Extending parent's position to absurdity.
And get off my lawn!
Ad hominem.
But that argument is of course stupid, text editors and compilers and higher level languages add to the productivity of the programmer, in the same way that IDEs add to the productivity of the programmer. Not using the best tools available is just stupid masochism.
Ridiculous comparison between programming languages and GUI widgets.
Then again, in 10 or 20 years there will be something on top of IDEs that make them look as primitive as a simple text editor does to Eclipse, and I'll probably be whining about the young folks and their newfangled thingies, and I won't trust them, because my comfort level is in an IDE as we know them today.

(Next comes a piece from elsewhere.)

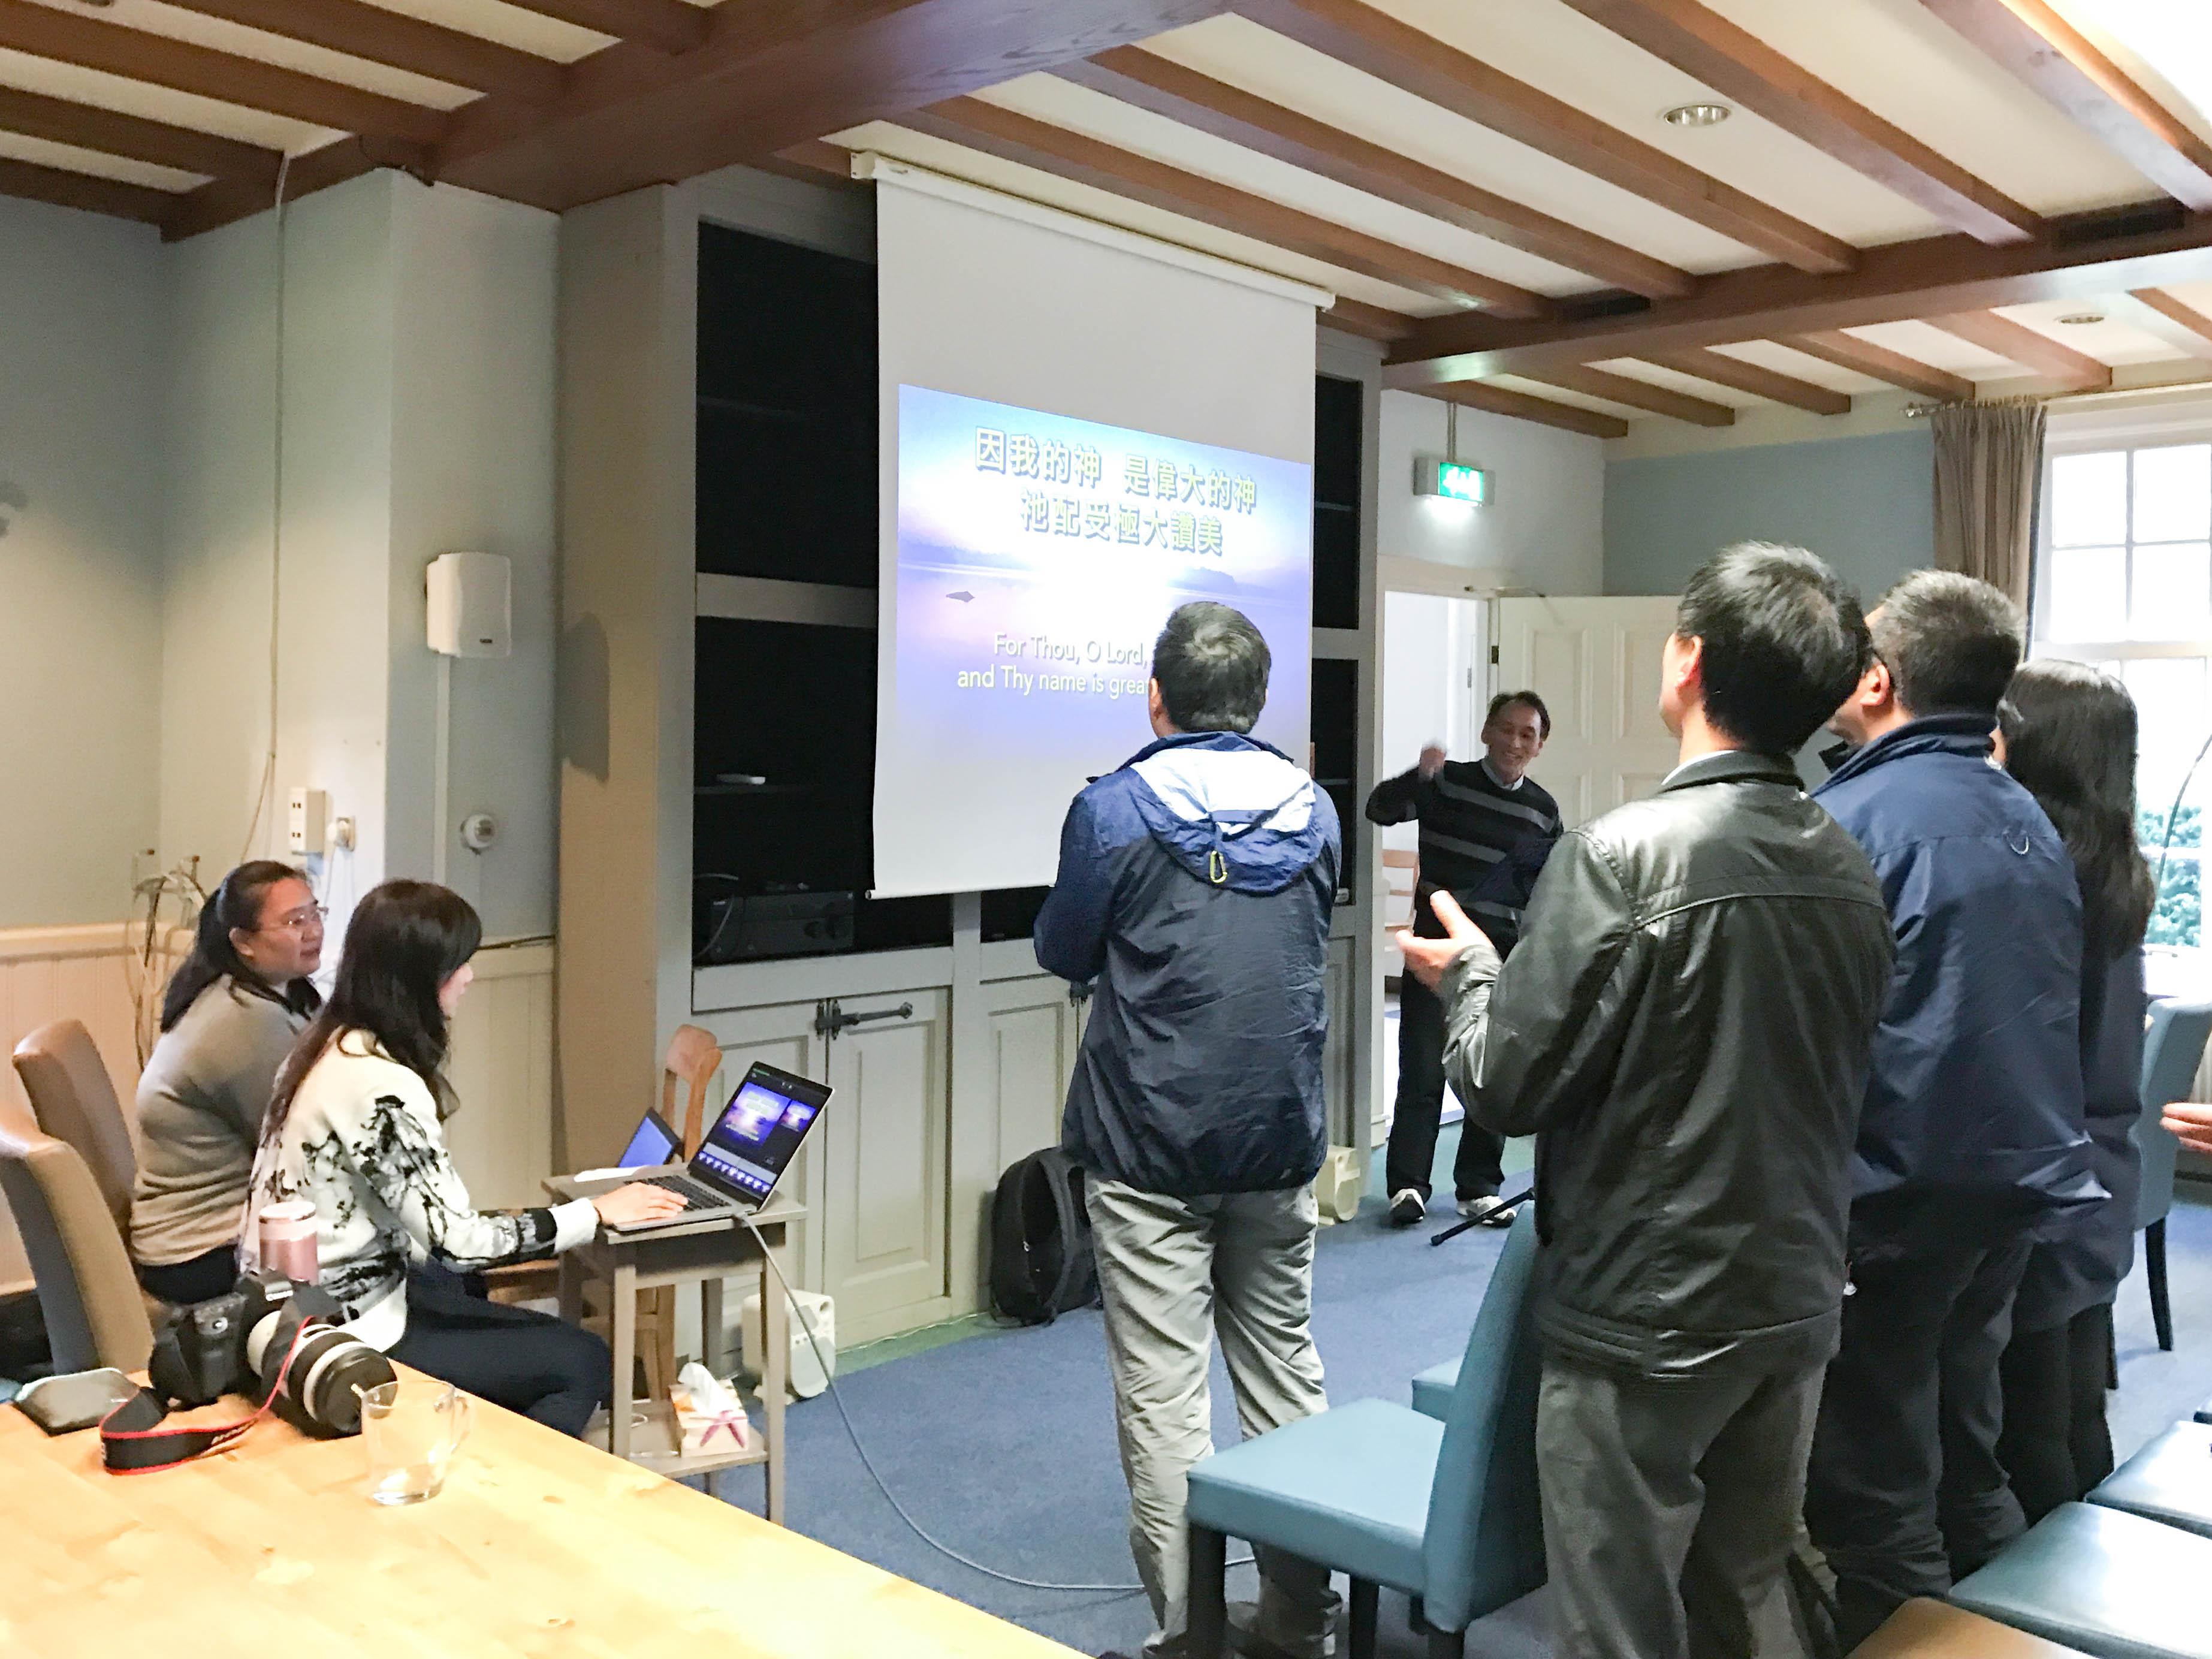 2017-Europe-Pastors-Retreat-00005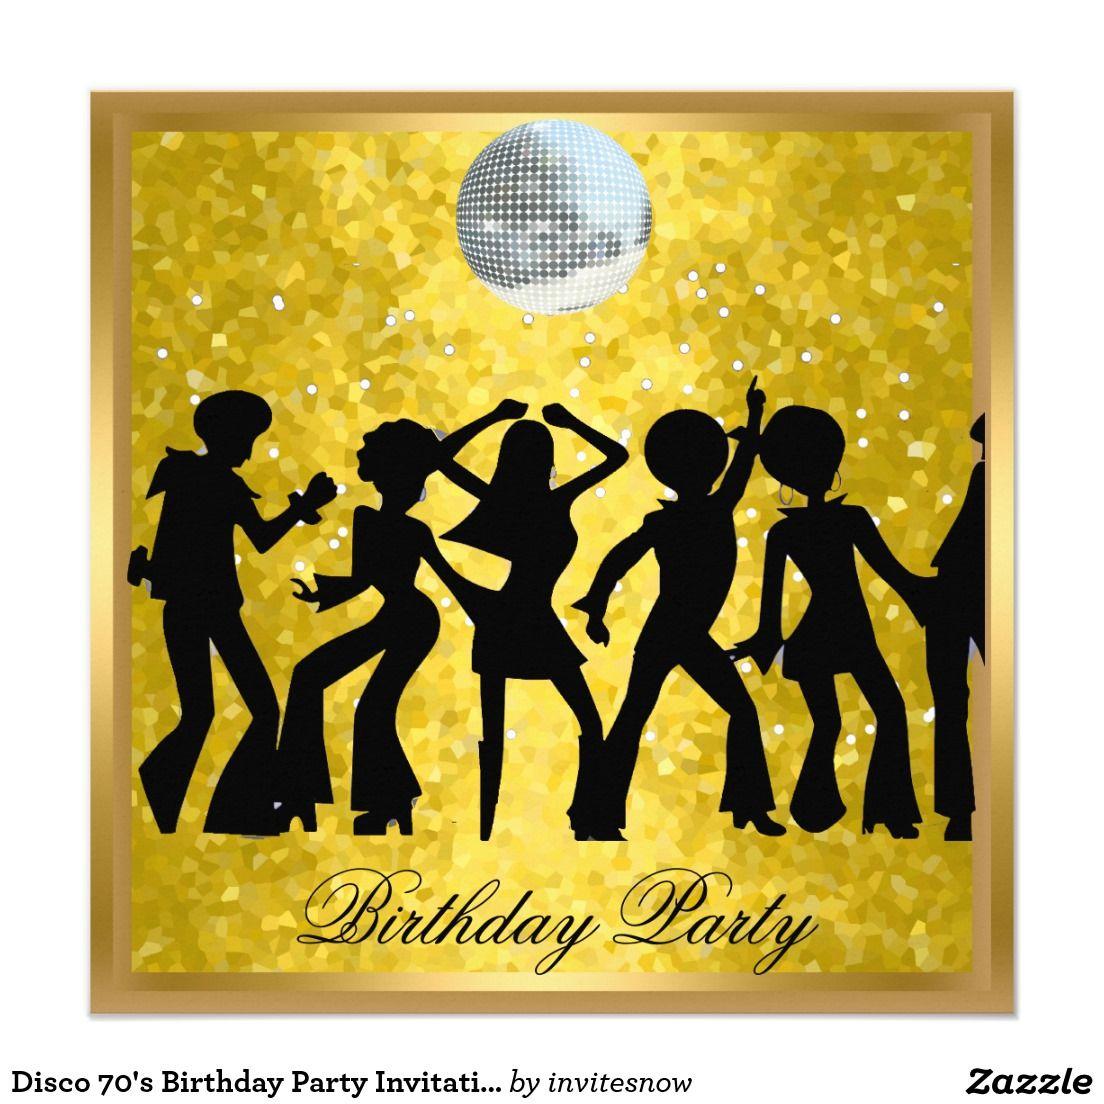 Disco 70's Birthday Party Invitation Retro | Party invitations ...

Unjustified extrapolation.
Hopefully, I'll not be as old and stuck in my ways as you are though.
Ad hominem.
I'm looking forward to languages that integrate completely with an IDE, and leave simple character representation (ASCII e.a.) behind.
Oh, me too! I can't wait until diff and patch no longer work, and every version control system has to explicitly support every distinct language, and examples on Stack Overflow are files you have to download and open in an IDE before you can examine them, and Google has to learn each language's binary serialization so that it can search code snippets.
In a time when every other type of file is moving to standardized formats, I just love the idea of my industry balkanizing into a million crap representations. That is certain to make us all more productive.
Dewey, what part of this looks like authorities should be involved?
1) Uh, since when did the nature of a language dictate how fast/slow an IDE implementation is?
2) Why, dear god, would a slow IDE be evidence that a language sucks?
3) What language are you using that is "too convoluted" to use outside of an IDE? Because I've used quite a few, and I've yet to come across *any* language that "requires" an IDE.
That platform arrived in the 70's and it was called Smalltalk. All current mouse-based GUI systems are an offshoot of the original Smalltalk system. Wiki link. In reference to your dream-system, things like this were pretty potent and ahead of their time:
This would obviously allow you to edit your IDE/OS in real-time/at runtime.